Cosa pensa della televisione?

«Credo che la Tv possa essere un mezzo straordinario, ma solo un mezzo. Per me non è un punto di arrivo, ma mi può servire per trovare lavoro nel cinema e per far venire la gente a teatro. Per cui vorrei fare il meno possibile nel miglior modo possibile. Mi piace guardarla però la Tv. Mi piacciono i gialli, mi diverte Derrick. E il cinema in Tv, specie quello che si vede di notte. Mi piace anche Chiambretti. E odio i giochi, sono terribili. Non amo neanche i talk show, con tanta gente che pensa di avere ragione, di avere il diritto di dire qualunque cosa perchè parla in Tv».

E nel cinema quali sono i film da salvare?

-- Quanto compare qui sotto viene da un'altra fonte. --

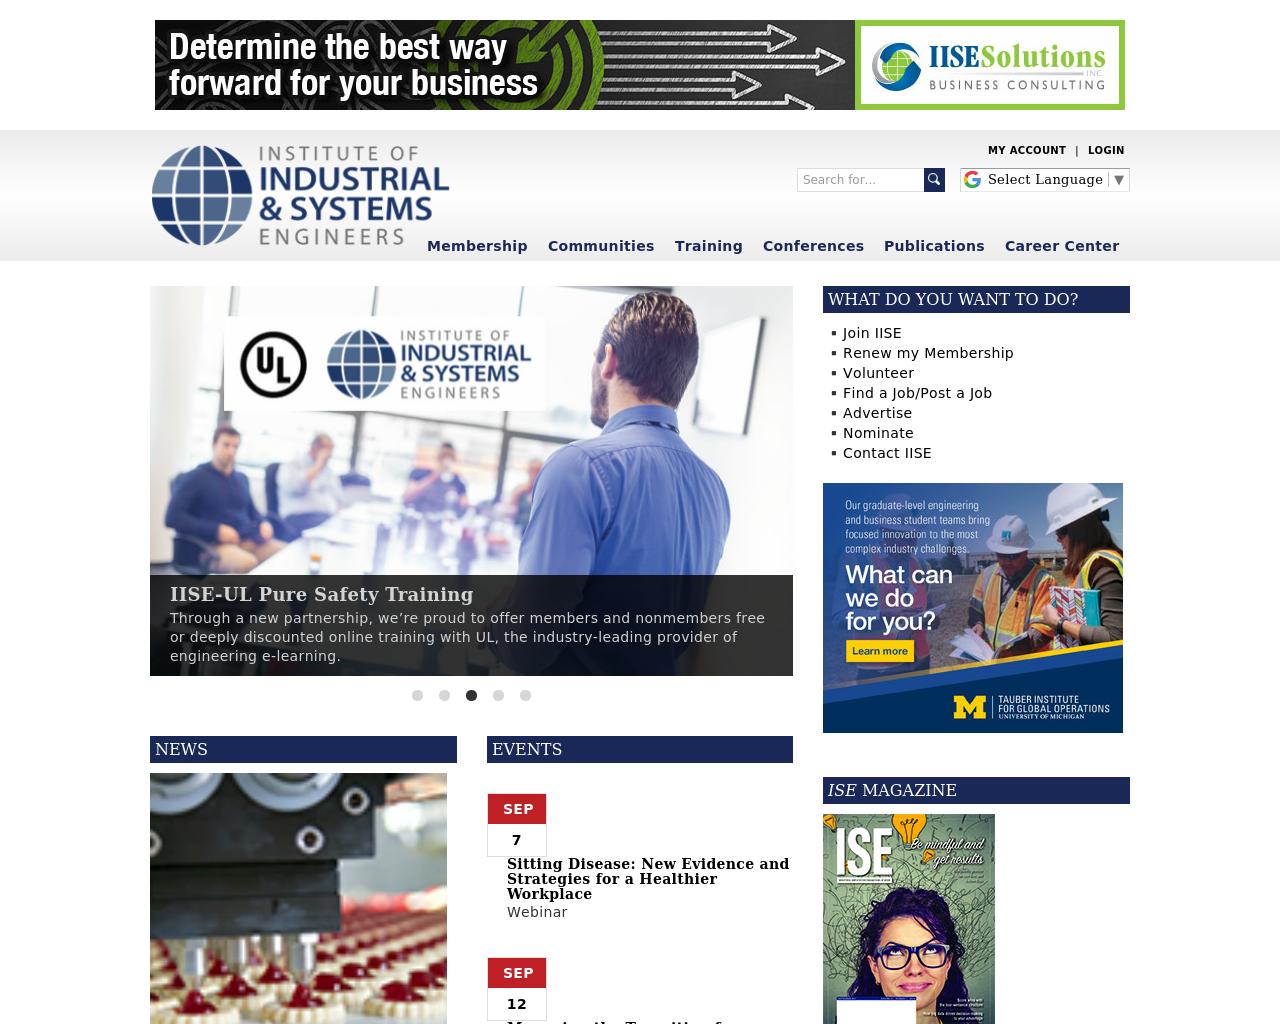 IIE-(Institute-Of-Industrial-Engineers)-Advertising-Reviews-Pricing

«Se vado al cinema per divertirmi ,vado a vedere Terminator o Robin Hood. Ma il film che mi è piaciuto di più negli ultimi anni è il Decalogo di Kieslowski. Stupendo, con tanti grandi attori che recitano in un modo che sembra così semplice… Una grande lezione».

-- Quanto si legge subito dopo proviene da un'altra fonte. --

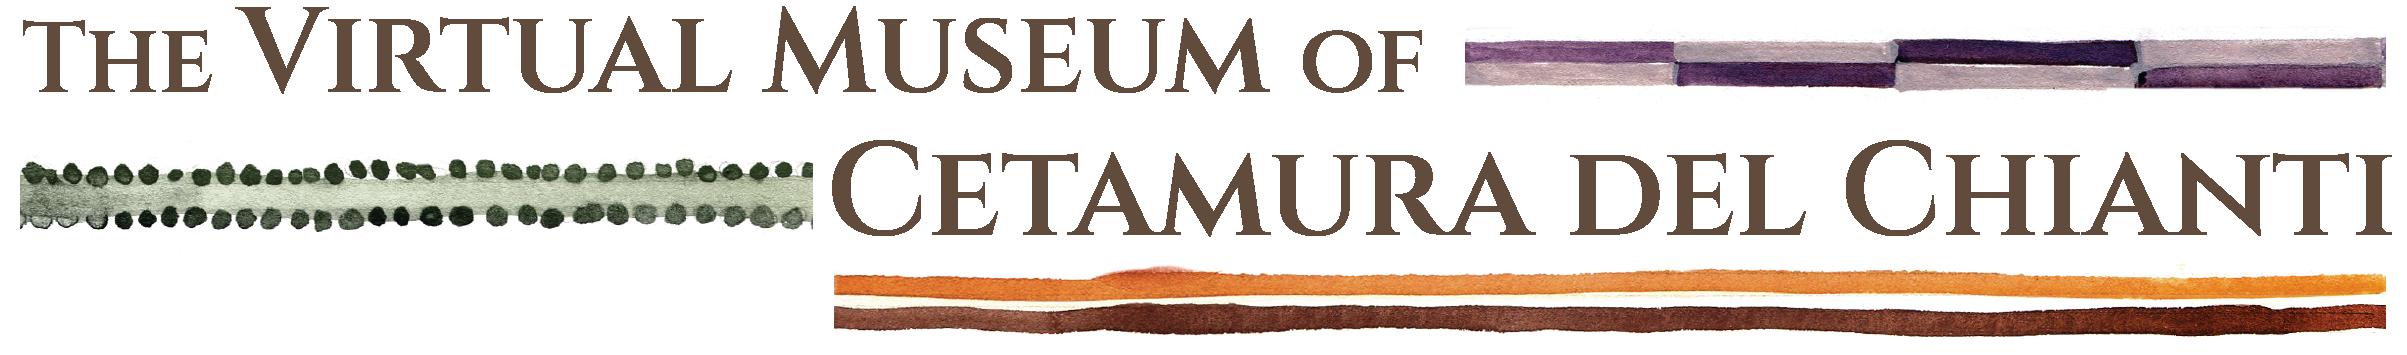 Museum - Cetamura del Chianti

E la regia lirica che ha fatto a Bogotà?

«Da otto anni in Colombia non si faceva un’opera lirica. Quindi prima di tutto c’era da ricostruire un teatro dell’opera, in una città che per tanti anni aveva avuto una tradizione operistica. Il mio problema era far diventare attori persone che non avevano pratica di scena. Un impegno durissimo che però si è rivelato un’esperienza straordinaria, in una terra ricchissima di vitalità, in mezzo a gente che non è ancora corrotta da una forma di benessere, che non c’ è ma che non è importante che ci sia. La gente ha pochi soldi, però, anche se ormai dire queste cose può sembrare fuori moda, sta bene, vive con poco. Per questo ho trovato tanto entusiasmo, piacere di fare le cose. Merce sempre più rara alle nostre latitudini. E’ stato un successo. Ed è stato molto utile a tutti, a me per primo».

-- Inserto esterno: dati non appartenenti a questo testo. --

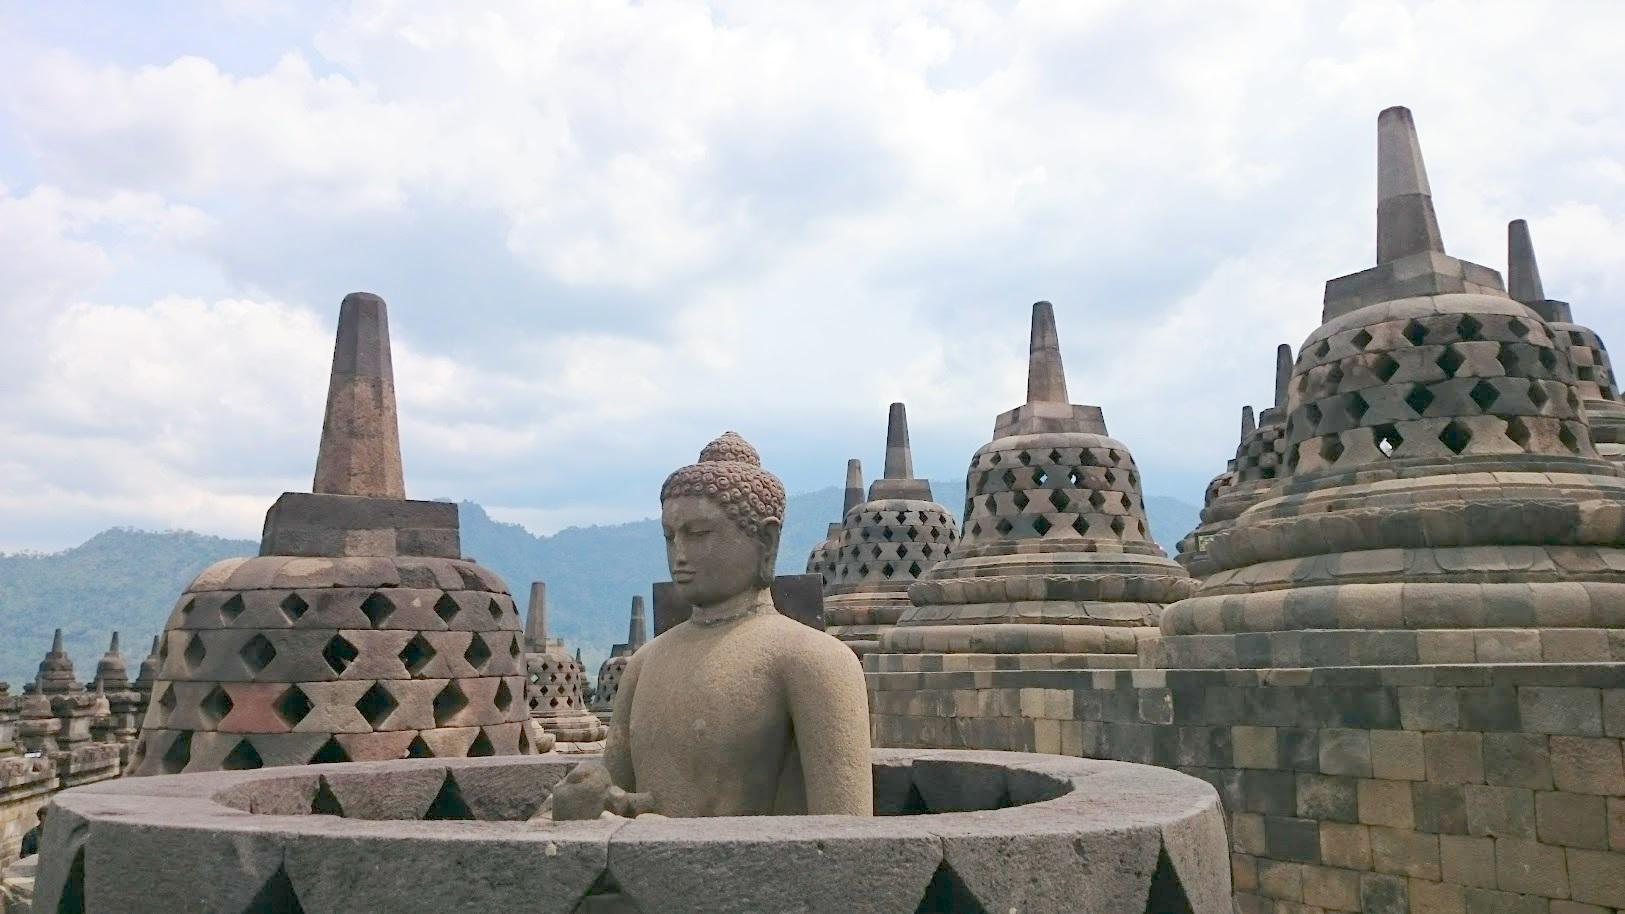 Borobudur temppeli Indonesia

Insomma, sta vivendo un buon periodo…

«Ho deciso di fare le cose che mi piacciono. Voglio portare avanti la mia ricerca di artista, perché è da questa che prendo tutto ciò che mi serve, e poi devo trovare programmi Tv interessanti, come si dice “curare l’immagine”. Poi teatro, viaggi. Negli ultimi otto mesi mi sono capitate un sacco di cose tutte insieme».

Ha paura d’invecchiare?

«No, non mi dispiace l’idea di invecchiare. Quello che è difficile calcolare adesso è se te lo puoi permettere d’invecchiare, se servi giovane, se ti preclude degli spazi. Io credo che stiamo vivendo un periodo che fondamentalmente non è giusto, dove non viene dato a chi ha o a chi merita. Penso che questo sia un male soprattutto italiano. Ad esempio Walter Chiari era per certi aspetti inaffidabile, ma un attore come lui merita di più. Noiret in Francia viene considerato molto di più».